Мы ходим на цыпочках, говорим вполголоса, как будто в доме покойник. В мастерской не слышно голосов, только сдержанный стук инструментов.
И вот по дому проползает роковое слово, которое гнали от себя, о котором боялись думать:
— Температура подымается...
— Слышите ли, температура подымается...
Мы забираемся в дальние комнаты в углах:
— Сколько?
— Тридцать восемь.
— Что же это!..
Долго прислушиваемся к грозно и неотвратимо надвигающемуся.

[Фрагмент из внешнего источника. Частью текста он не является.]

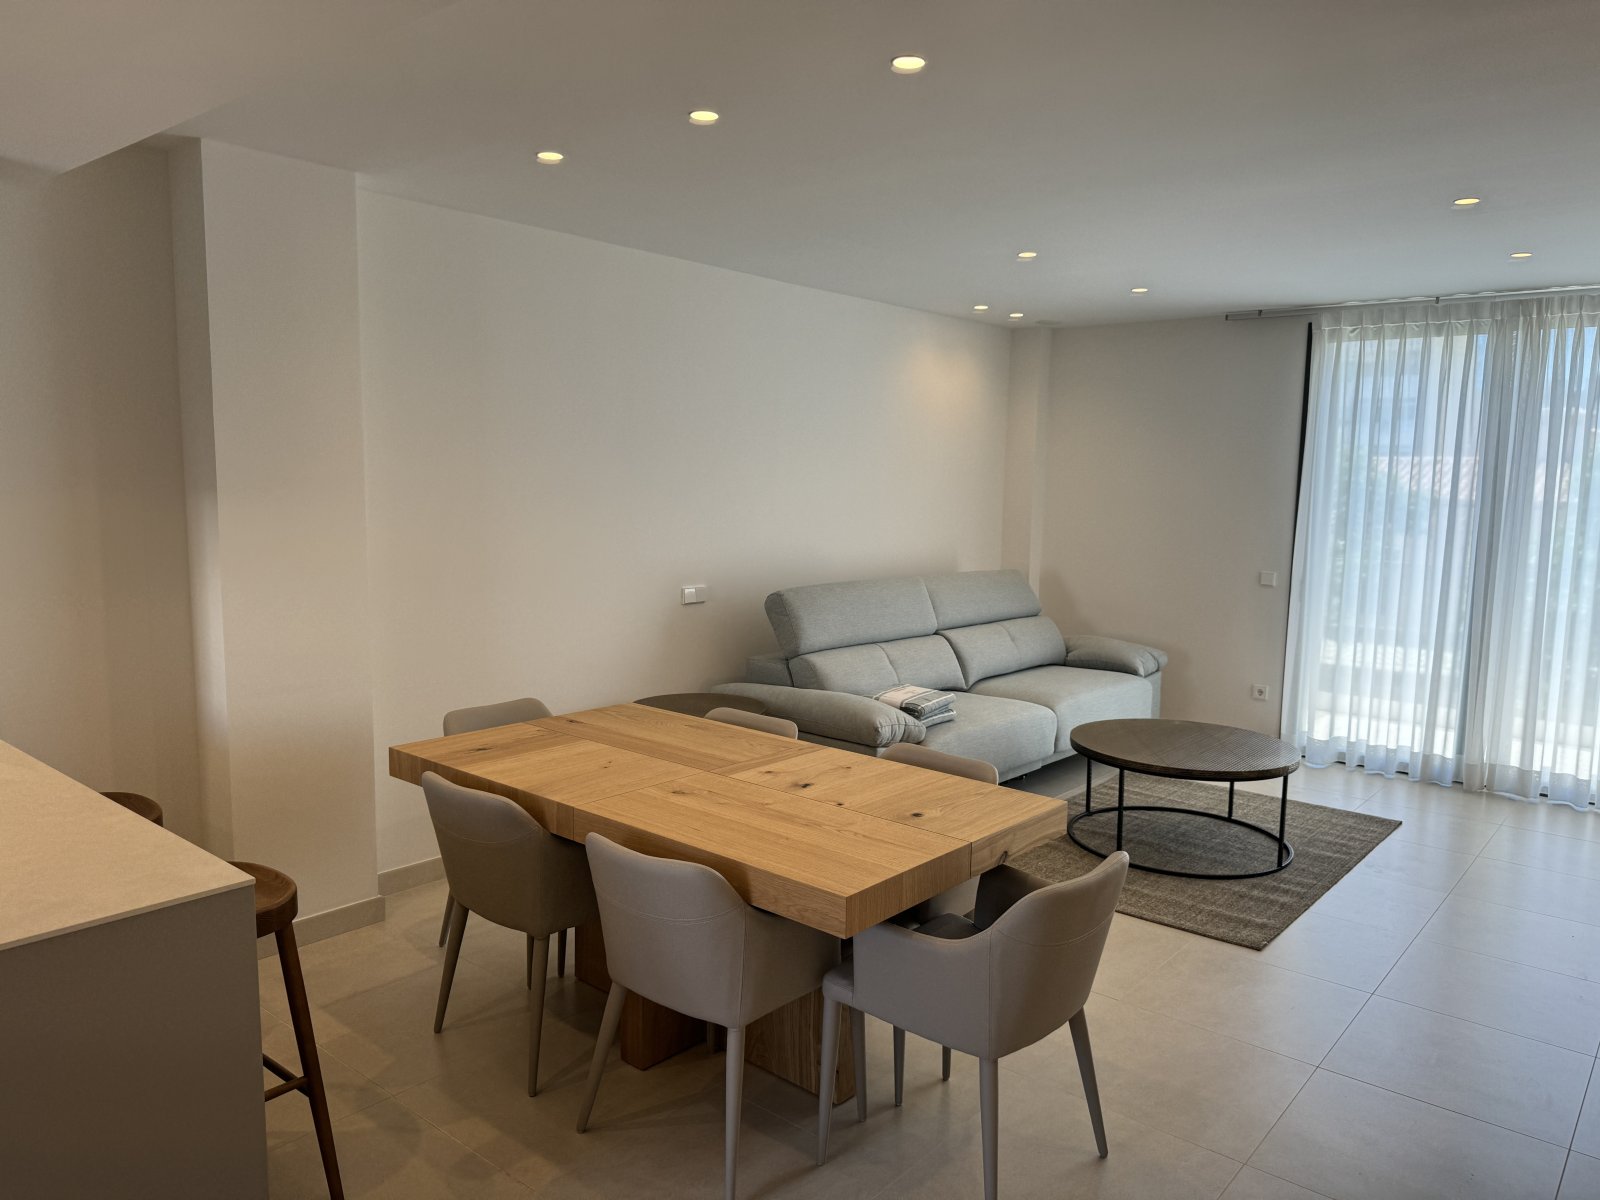 Wohnzimmer in der Luxus Wohnung in Palma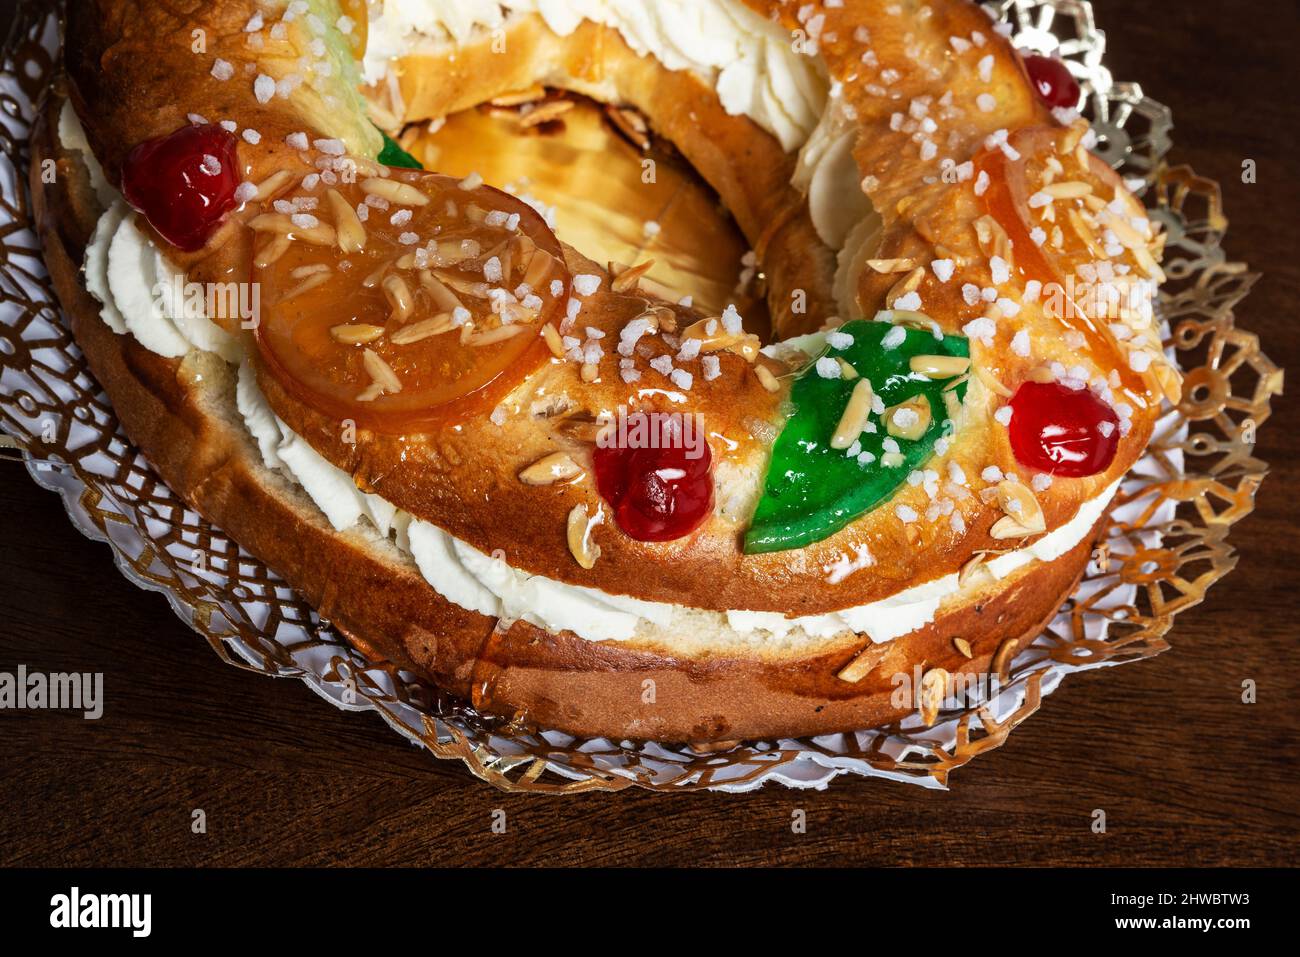 Tortell de reis oder Königskuchen ist ein typischer Kuchen der katalanischen und okzitanischen Küche in Form eines Rings oder Reifens, der aus Brioche-Teig, Blätterteig und Fi hergestellt wird Stockfoto

Проходит мучительный день, проходит мучительная, не дающая сомкнуть глаз ночь.
И опять:
— Сколько?
— Тридцать восемь, четыре.
Вечером:
— Тридцать восемь, восемь.
— Господа, так нельзя. Это смерть идет, заражение крови.
— Необходимо доктора.
И все глаза обратились ко мне с Основой.
— Ну, разумеется, доктора, — проговорил я преувеличенно убедительно и горячо.
А Основа просто:
— Сейчас схожу.
С предосторожностями сообщили Александре Ивановне. Она посмотрела на нас спокойно и холодно.
— Не надо доктора.
— Но... Александра Ивановна, нельзя же запускать, ведь...
— Я сама знаю, акушерка... подождем.
И потянулись мучительные, удушливые часы ожидания.
— Тридцать девять.
Тогда решили позвать доктора помимо нее. Но она, очевидно, следила за нами.
— Я вам говорю — не надо доктора.
— Нет, уж как хотите, доктор необходим.
Она зло посмотрела на меня, на Основу и... расхохоталась. У меня мурашки по спине.
— Ха-ха-ха... какие благородные, какие великодушные молодые люди!.. Доктора!.. Доктор осмотрит и, конечно, спросит: «Где же ребенок?» Раз его нет, стало быть, надо подозревать наличность преступления... Разы-ыщут!.. Найдутся свидетели, с радостью покажут — вы несли что-то в лес... А если откопают, сразу видно, ребенок родился живым... Я убила, вы — соучастники... Вам тоже каторга... Ха-ха-ха... молодые, благородные, великодушные люди!..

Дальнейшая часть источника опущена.